_WHAT YOU WILL DO_: Please give back, exactly as written, the lines from the line with "ディーラーヒットリムChicca Cerchio (キッカチェルキオ)" to the line with "Brian McEwan Wedding" in the listing below, leaving out all pictures.

--- RECORDS SUPPLIED Enclosed Below ---

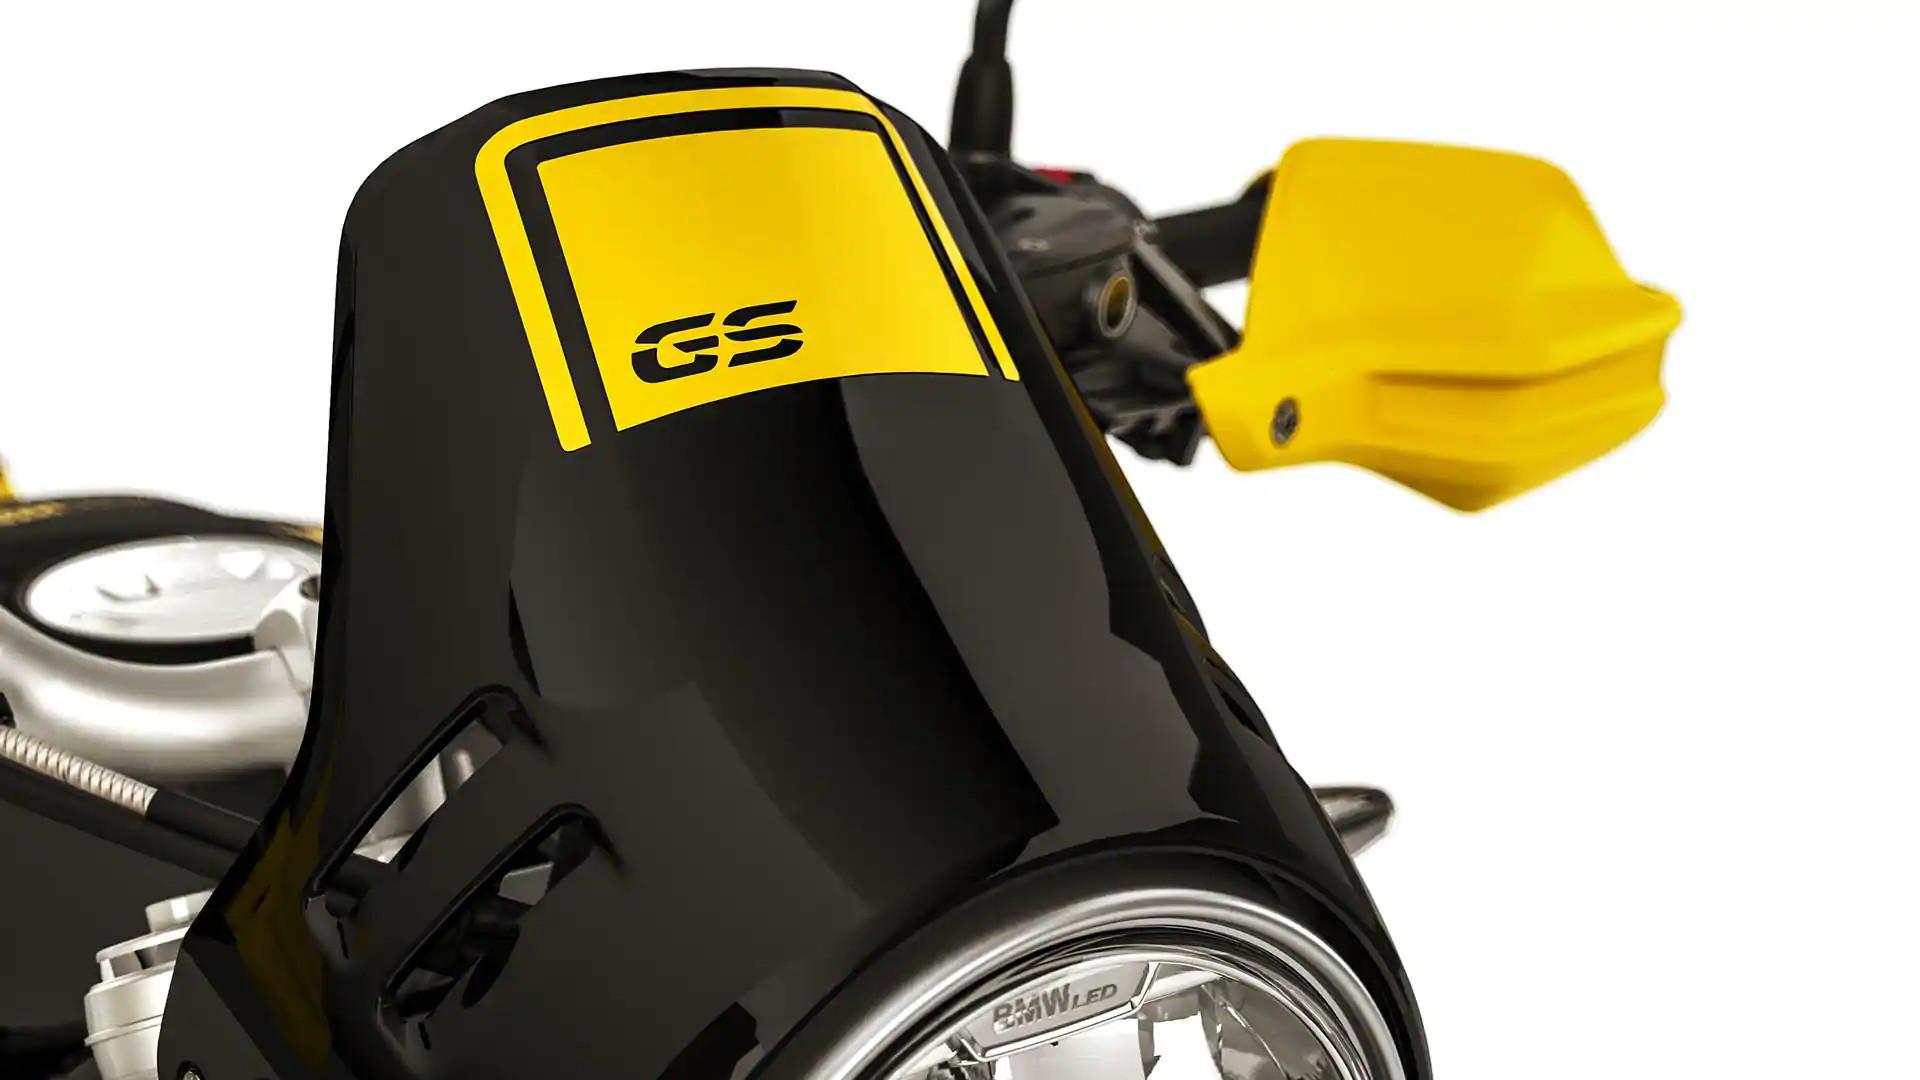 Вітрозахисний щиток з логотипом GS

--- End of Enclosed RECORDS SUPPLIED ---
--- RECORDS SUPPLIED Enclosed Below ---

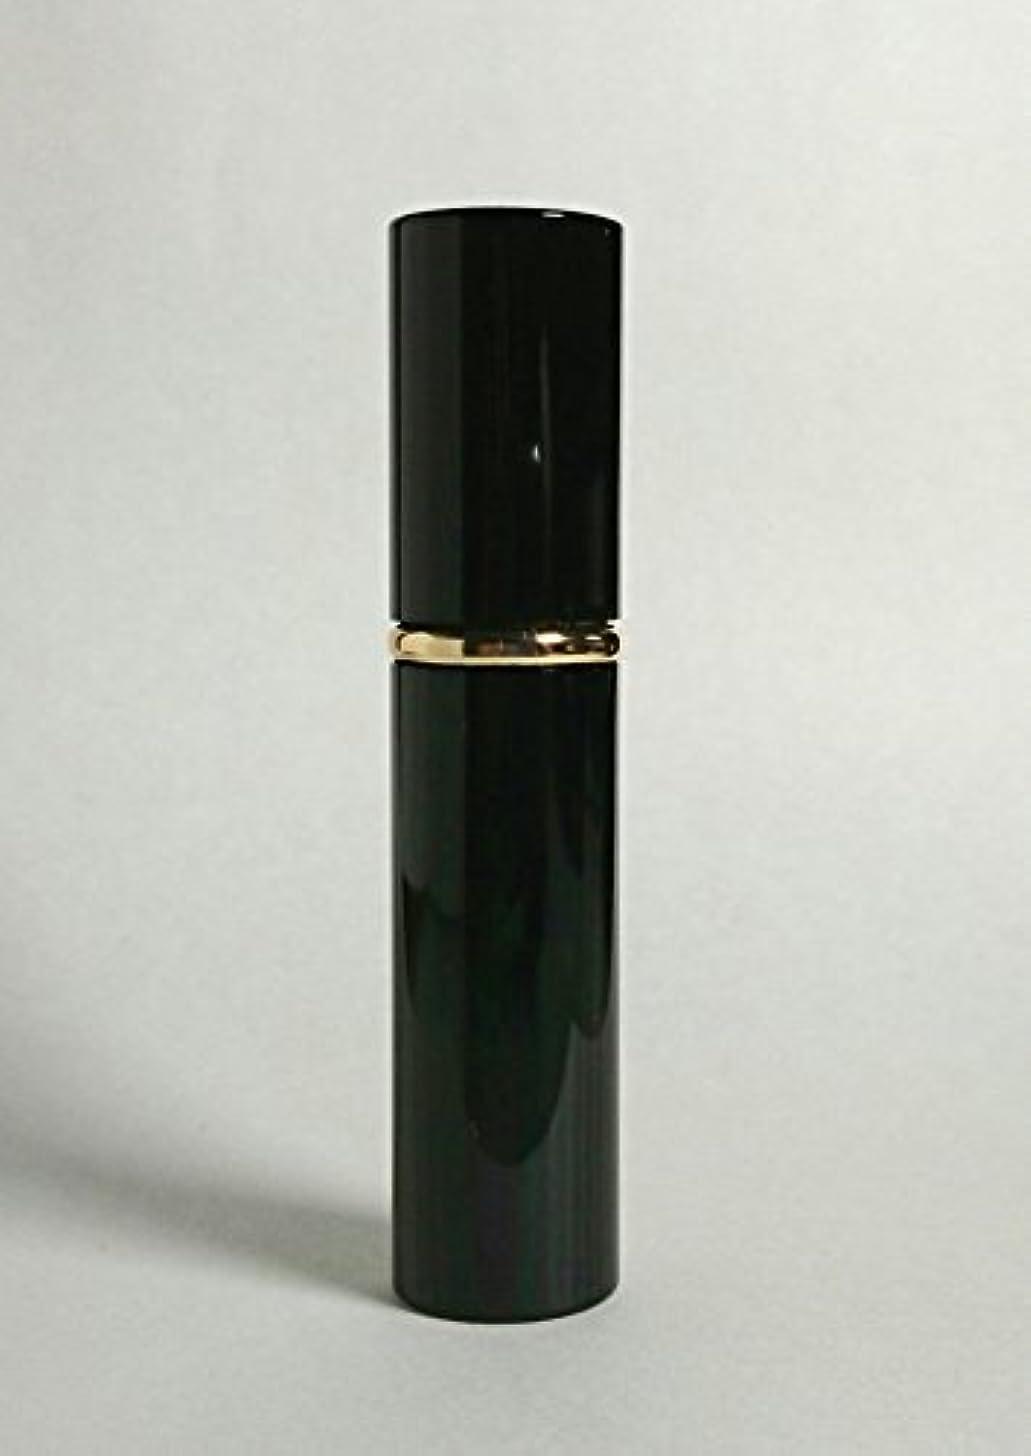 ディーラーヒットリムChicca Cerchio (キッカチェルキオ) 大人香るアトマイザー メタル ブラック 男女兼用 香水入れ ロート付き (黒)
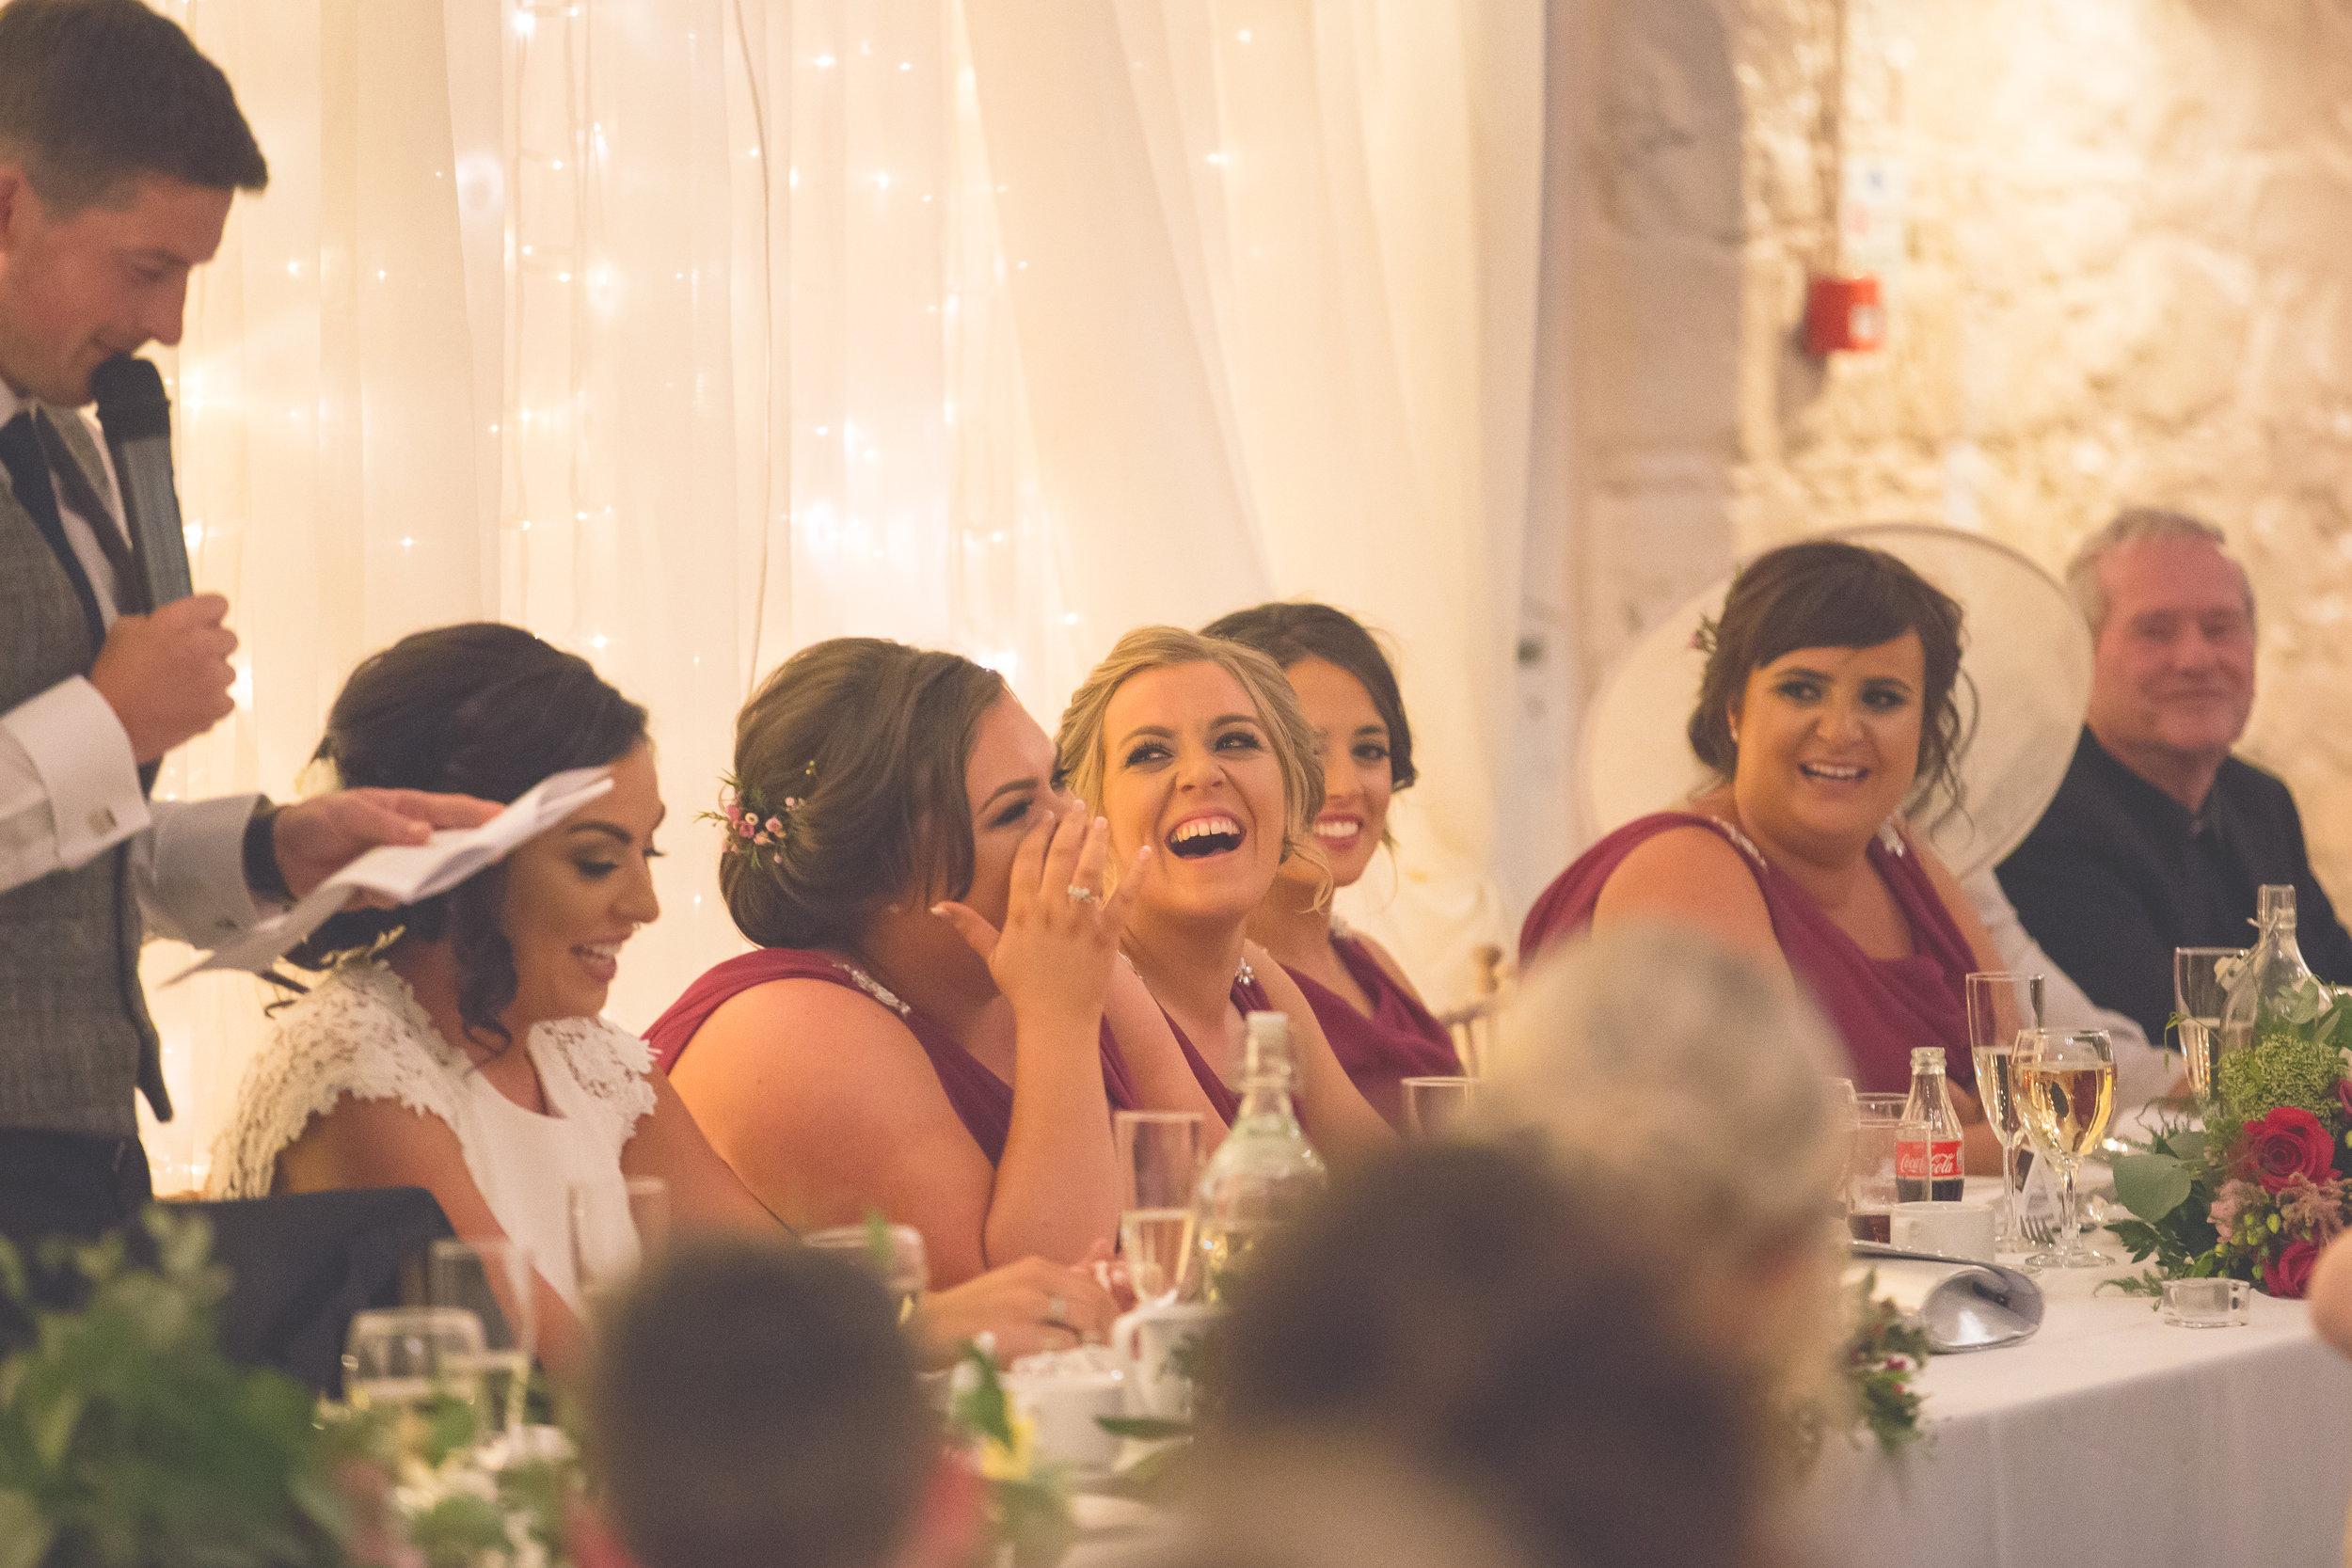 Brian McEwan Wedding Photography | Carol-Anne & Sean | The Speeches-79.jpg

--- End of Enclosed RECORDS SUPPLIED ---

_RESPONSE FOR THIS EXERCISE_:
 ディーラーヒットリムChicca Cerchio (キッカチェルキオ) 大人香るアトマイザー メタル ブラック 男女兼用 香水入れ ロート付き (黒)
 Brian McEwan Wedding Photography | Carol-Anne & Sean | The Speeches-79.jpg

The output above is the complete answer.